Per le cd. cartiere occorrono accertamenti induttivi

          Con sentenza n. 27569 del 17 ottobre 2008 (dep. il 20 novembre 2008) la Corte di Cassazione si è occupata delle modalità di accertamento delle cd. Cartiere, ritenendo che l’ufficio debba procedere induttivamente e non analiticamente, alla ricostruzione del reddito.


 


Fatto e sentenza


 


          La commissione regionale, partendo dal rilievo che la guardia di finanza  aveva  accertato  l’inesistenza  sia  di costi che di ricavi e la fittizietà dei  fatti  gestionali“, sostiene  che, trattandosi di  negozi  nulli  per  illiceità  della  causa,  il compenso” derivatone costituirebbe reddito “inesistente  a  fini  fiscali, senza  possibilità di distinguere, a tal fine, fra negozio illecito e negozio fittizio;  essendo comunque irrilevante la  (mancata)  presentazione  della  dichiarazione  dei redditi.


          Conclude osservando che “Se la società avesse prodotto reddito sicuramente non sarebbe… fallita“.

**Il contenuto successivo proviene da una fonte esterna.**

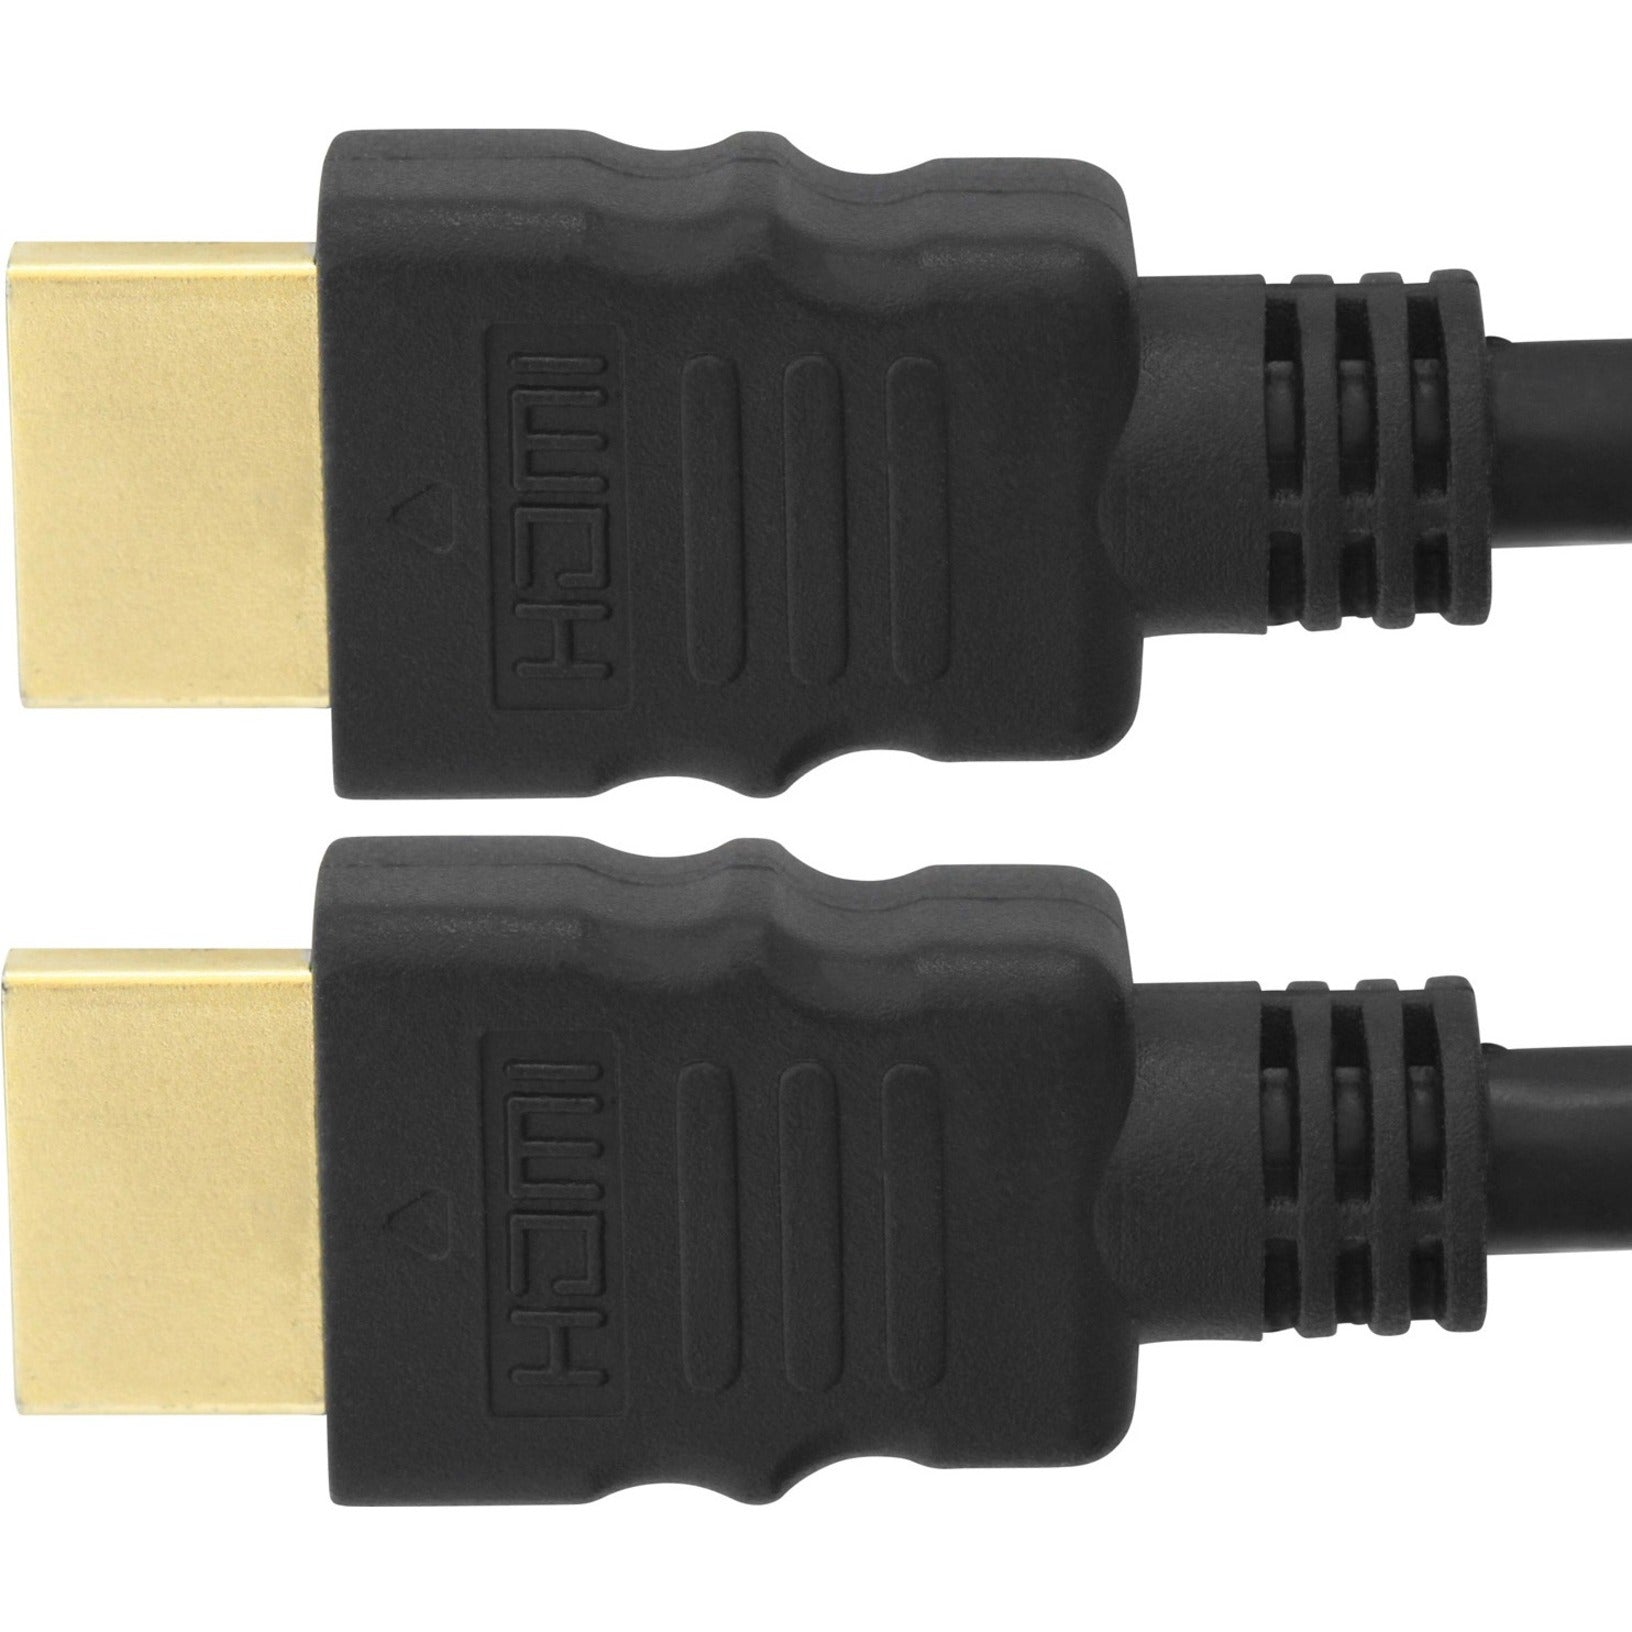 4XEM - 四倍EM 4XHDMIMM15FT - 15英尺高速HDMI线 High Speed - 高速 HDMI Cable - HDMI 线 1080p - 1080p 3D - 3D Ethernet - 以太网 Audio Return Channel - 音频回传通道

          Con l’unico motivo di ricorso l’Amministrazione finanziaria  censura tale sentenza, ai sensi dell’art. 360 c.p.c., comma 1, nn. 3 e 5, per omessa e  comunque insufficiente motivazione sull’asserita irrilevanza della distinzione, a fini fiscali, fra negozio illecito e negozio fittizio; e per violazione e falsa applicazione della L. 24 dicembre 1993, n. 537, art. 14, comma 4, in materia d’imponibilità di proventi derivanti  da  fatti  o  atti illeciti.


 


          I ricorrenti deducono, in particolare,  che  come  riconosciuto dalla stessa curatela fallimentare… l’attività  della  Società  era  stata imperniata su una serie di fatturazioni fittizie sia  di acquisti che di vendite volte a far figurare uri aumento del volume di affari per ottenere indebiti rimborsi IVA, sovvenzioni statali a fondo perduto e somme di denaro a mutuo da parte di istituti di credito,  comportamenti  per i quali  gli amministratori sono stati rinviati a giudizio dinanzi al Tribunale Penale di Locri“; e che “su  tali  operazioni  l’Ufficio  ha  applicato  la  regolare tassazione dovuta in base alle poste contabilizzate“.

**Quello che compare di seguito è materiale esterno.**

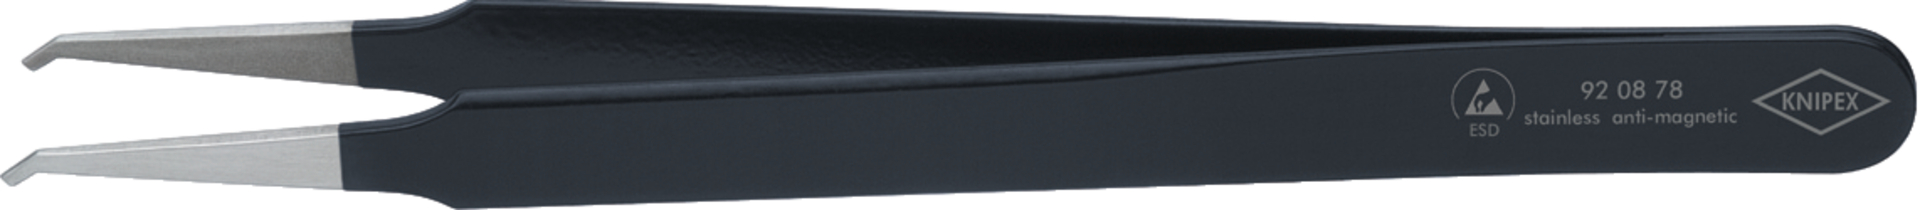 KNIPEX 92 08 78 ESD SMD-Präzisionspinzette Glatt 118 mm

          Aggiungono, ancora, che “ai fini tributari le fatture emesse costituivano l’espressione di ricavi la cui omessa dichiarazione comporta  l’accertamento di un  maggiore reddito di impresa“, a prescindere dal  fine illecito sottostante, il quale non escluderebbe, contrariamente all’opinione del giudicante a quo, l’obbligo della dichiarazione; che, peraltro, i proventi tratti da attività illecita sono stati positivamente assoggettati ad imposta dalla norma sopra citata e che nessuna conclusione favorevole alla tesi della mancanza di reddito imponibile potrebbe trarsi  dal  sopravvenuto fallimento della contribuente.


          Il ricorso viene rigettato dalla Corte di Cassazione, per le ragioni di seguito espresse.


La difesa erariale ammette senza mezzi termini    sulla scorta delle indagini condotte dalla guardia di Finanza e d’accordo, peraltro,  con la curatela della  società contribuente fallita – che l’attività di quest’ultima era consistita essenzialmente nel predisporre una contabilità del tutto fittizia, nelle componenti sia attive sia passive (cfr. par. 5.1), per simulare un  volume  d’affari  inesistente,  allo scopo di procurarsi proventi  illeciti (indebiti rimborsi  IVA, sovvenzioni  statali, mutui altrimenti non ottenibili). Tali  proventi illeciti    ottenuti  (o   sperati)   attraverso l’artificio di negozi simulati, o comunque nulli per illiceità della causa o del motivo (art. 1418 c.c., comma 2), con le conseguenti false  fatturazioni e falsità in bilancio – sono sicuramente imponibili, anche  ai  sensi  della normativa precedente l’entrata in vigore della cit. L. n. 537 del 1993, art. 14, comma 4 (Cass. nn. 8990/2007, 23238/2006,  15567/2000,  11148/1996): in questo senso, deve essere corretta la motivazione della sentenza  impugnata, in quanto sembra negare – sulla scorta di giurisprudenza (non esattamente citata) anteriore alla legge menzionata – l’imponibilità dei profitti tratti da attività illecita, formante anche oggetto di giudizio penale”.


 


          In questa  causa, tuttavia,  afferma la Corte Supremanon  si  discute  di  tali  proventi illeciti (indebiti rimborsi IVA, sovvenzioni statali, mutui altrimenti  non ottenibili); tant’è che nessun accenno è fatto alla sussistenza di una delle condizioni di tassabilità di essi, ossia alla mancata  sottoposizione  degli stessi a sequestro o  confisca  penale”. 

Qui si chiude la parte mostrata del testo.